It’s a Good Time To Be at Microsoft—A Report from TechFest
[Updated Feb. 25 with photos from TechFest 2009:]
Yesterday, I reported from Microsoft headquarters in Redmond, WA, on some high-level thoughts about the importance of corporate research from Craig Mundie, Microsoft’s chief research and strategy officer, and Rick Rashid, senior vice president and head of research. It’s TechFest week, which means tons of demos and meetings between Microsoft researchers, product groups, and top brass—see photos below and on the next page. (The event is restricted to Microsoft employees and invited guests.)
This annual event almost never happened. Rashid admits that TechFest was originally “something I wanted to avoid doing.” Before the inaugural fete in 2001, Rashid says, he had concerns about putting on such an extensive show. “I thought, ‘Boy, that’s going to be a lot of work. And who’s going to come?'” The first TechFest went on despite his objections, and the rest is history. I’ll give a rundown here of some of the most compelling demos I saw at TechFest 2009. They span the fields of Internet search, mobile imaging, advertising, and cleantech.
But first, another strategy issue. Given the economic climate that has resulted in Microsoft’s first major layoff, and the software company’s increasing competition with the likes of Apple, Google, and VMware, I wondered if there is more urgency these days to do research that pays off in products quickly—and whether that has led to any subtle changes in Microsoft’s research strategy.
The short answer is no. I talked with Hsiao-Wuen Hon, the managing director of Microsoft Research Asia, who previously spent many years in Redmond. “The issue Microsoft should worry about is the future, the technology,” Hon says. “That’s what we need to work on. The short-term stuff, the financial crisis, no. We want to be in the position to continue to worry about what we should worry about—R&D. The company has a firm commitment to that.”
As for any immediate adjustments, Hon says he’s been asked not to spend more than what was previously budgeted, but that’s about it. “It’s a good time to be in Microsoft. On the outside, some companies need to fight for survival. Some companies need to go back to basics—most companies,” he says. “For me, the best thing is I get to continue working on what I was working on a year ago, six months ago—do not change course. And have confidence in the world that things will be getting better. It’s just a matter of time.”

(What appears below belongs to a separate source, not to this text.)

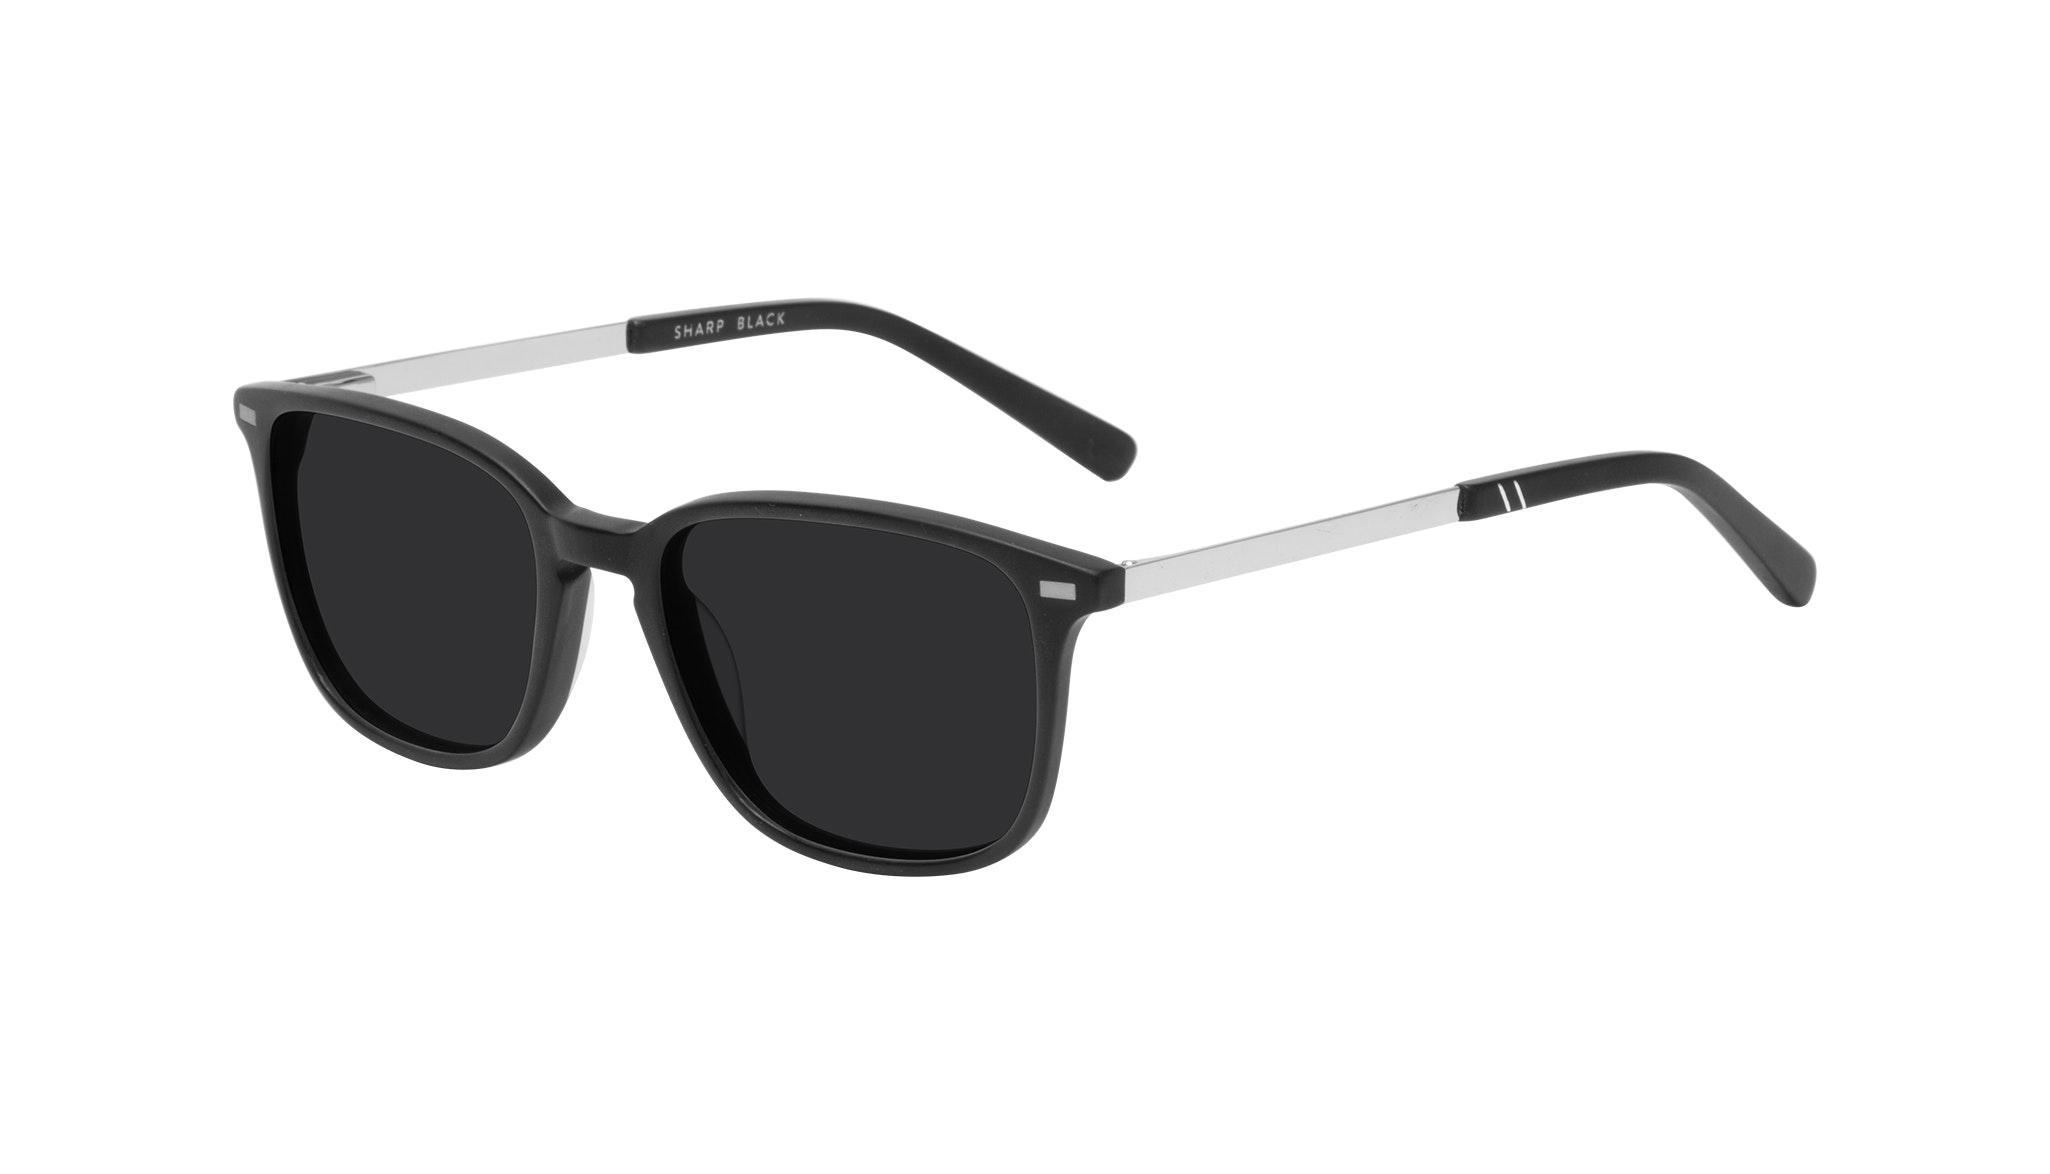 Affordable Fashion Glasses Rectangle Sunglasses Men Sharp Matte Black Tilt

Without further ado, here are some of the best demos I saw, projects that illustrate not only hot topics like energy conservation and search, but the global nature of Microsoft’s research efforts:
—Image-based advertising. Matt Scott from Microsoft Research Asia presented software that lets online advertisers bid on images instead of keywords. The idea is that a user could be shown ads from a restaurant if he or she browses a cooking magazine cover or a street photo of an eatery, say. Object-recognition algorithms (and computers’ understanding of images) are just becoming accurate enough to make this doable.
—Stitching mobile videos (left). You’ve probably heard of software that stitches photos together to make larger composite images and virtual environments (like Microsoft’s Photosynth). Now Ayman Kaheel and his team at Microsoft’s innovation center in Cairo, Egypt, have developed software that combines video streams captured from different cell phones into one higher-resolution video, all on the fly. It could potentially work for events shot from different angles, or for scenes of emergencies stitched together to aid rescuers.

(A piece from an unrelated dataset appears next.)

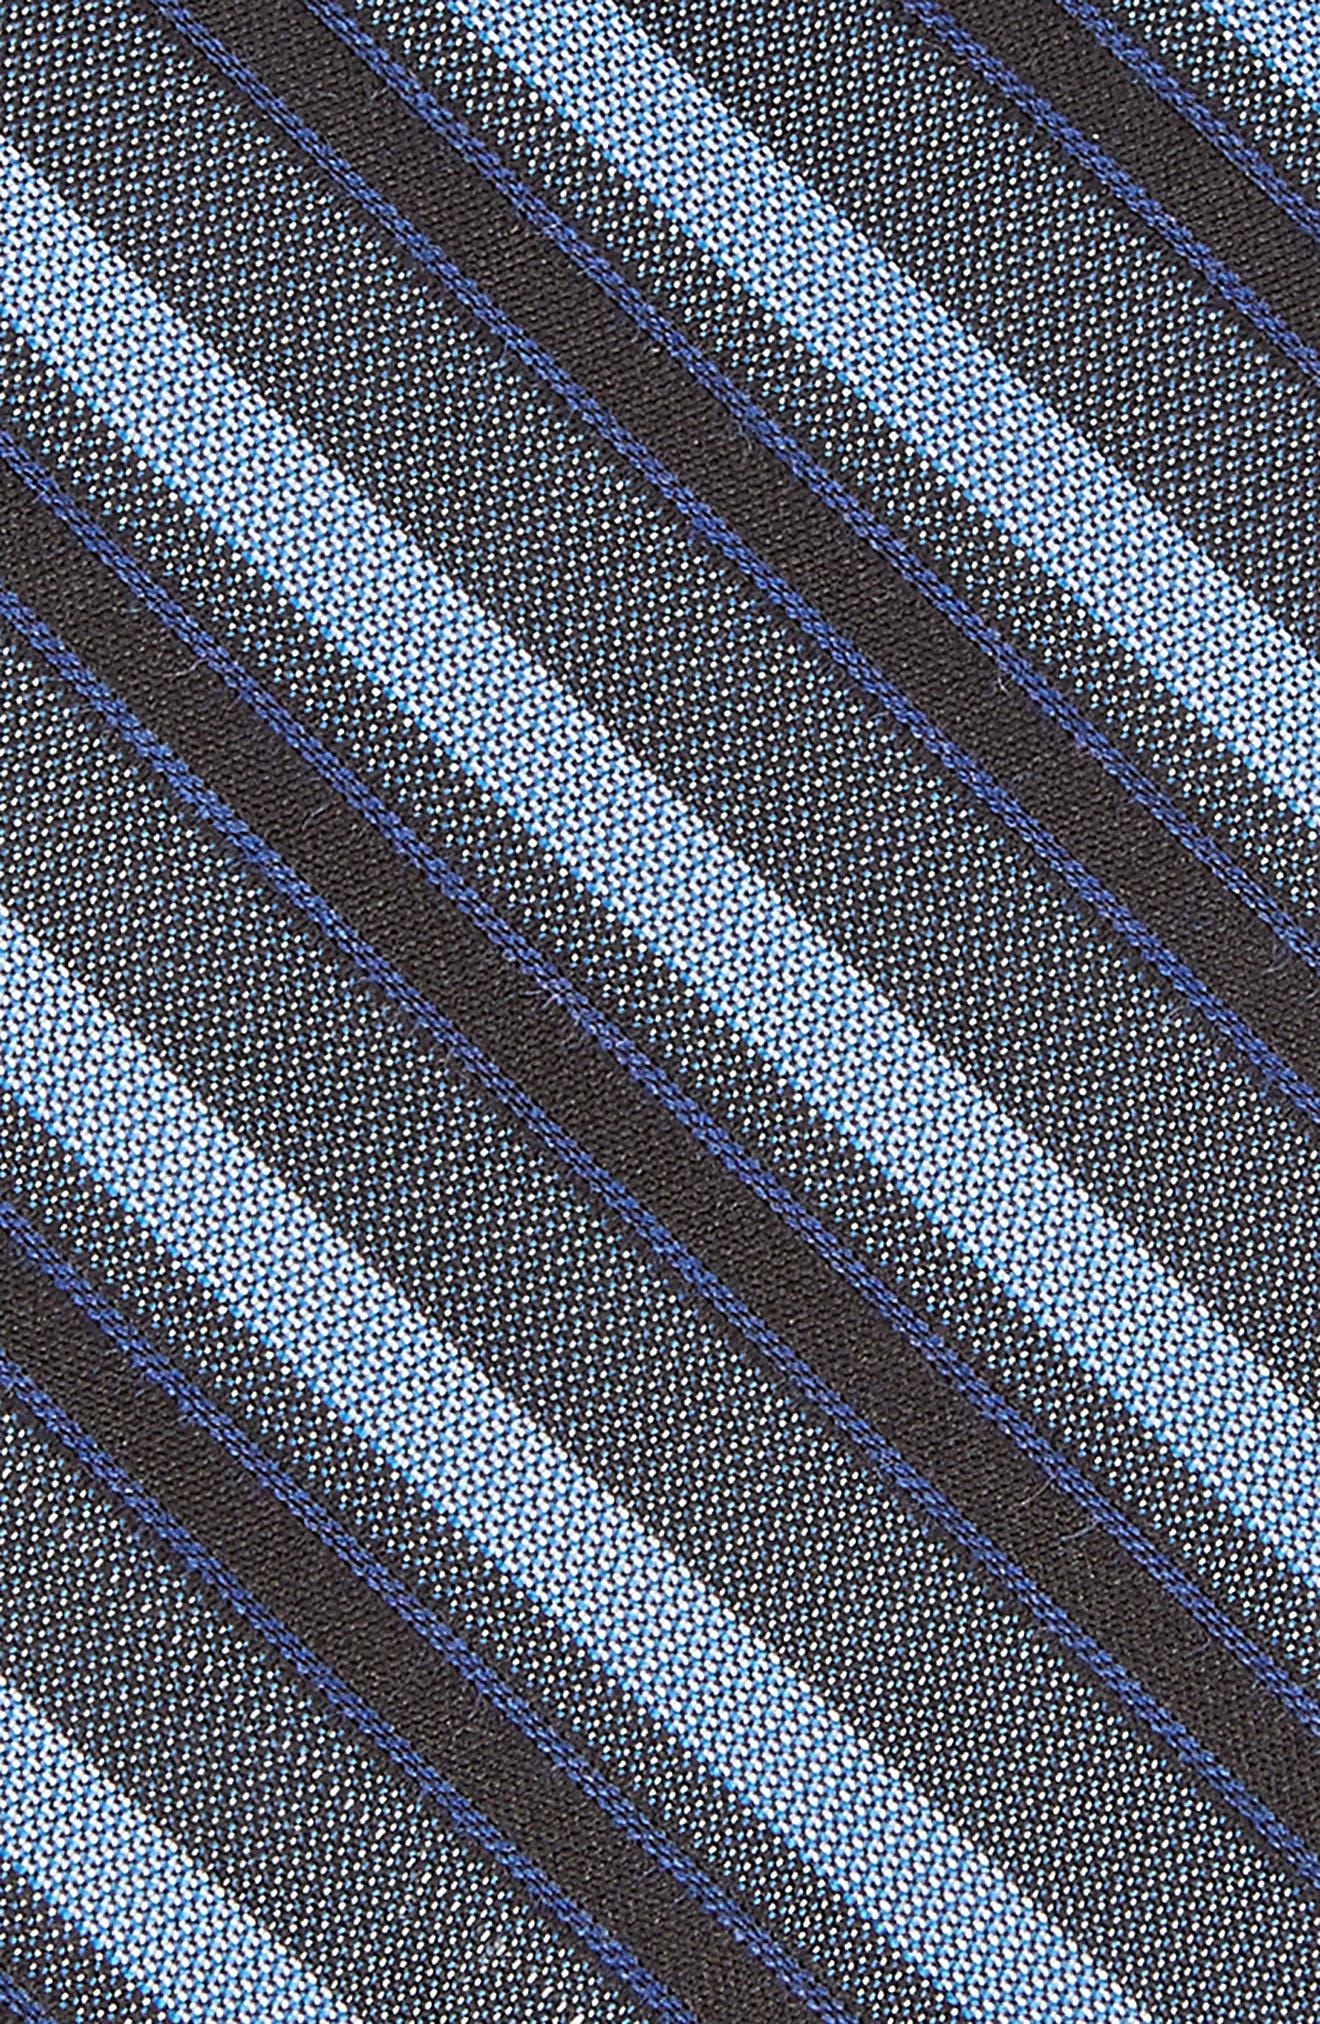 Shadow Stripe Tie,                             Alternate thumbnail 2, color,                             411

—Web search summaries. Wei-Ying Ma and Zaiqing Nie of Microsoft Research Asia presented a new Internet search feature that represents Microsoft’s increased efforts in Web mining—digging up deeper connections between entities on Web pages so as to produce more useful search results. Their software, called Renlifang, creates a social-network graph for each person or entity you query, showing its connections to other people and organizations on the Web. It reminds me a bit of what Seattle startup Evri is doing to understand the connections between Web pages.
—Low-power data centers (left). Janine Harrison and Jim Larus of Microsoft Research in Redmond presented an experimental prototype of a server running on energy-efficient netbook processors that give roughly 50 percent of the performance of the high-power processors currently used in Microsoft data centers—but at roughly 25 percent of the cost, and 15 percent of the power. The key to being able to handle high volumes of search queries with more limited hardware is algorithms that continuously predict the demand cycles so that processors can be switched off when they’re not needed.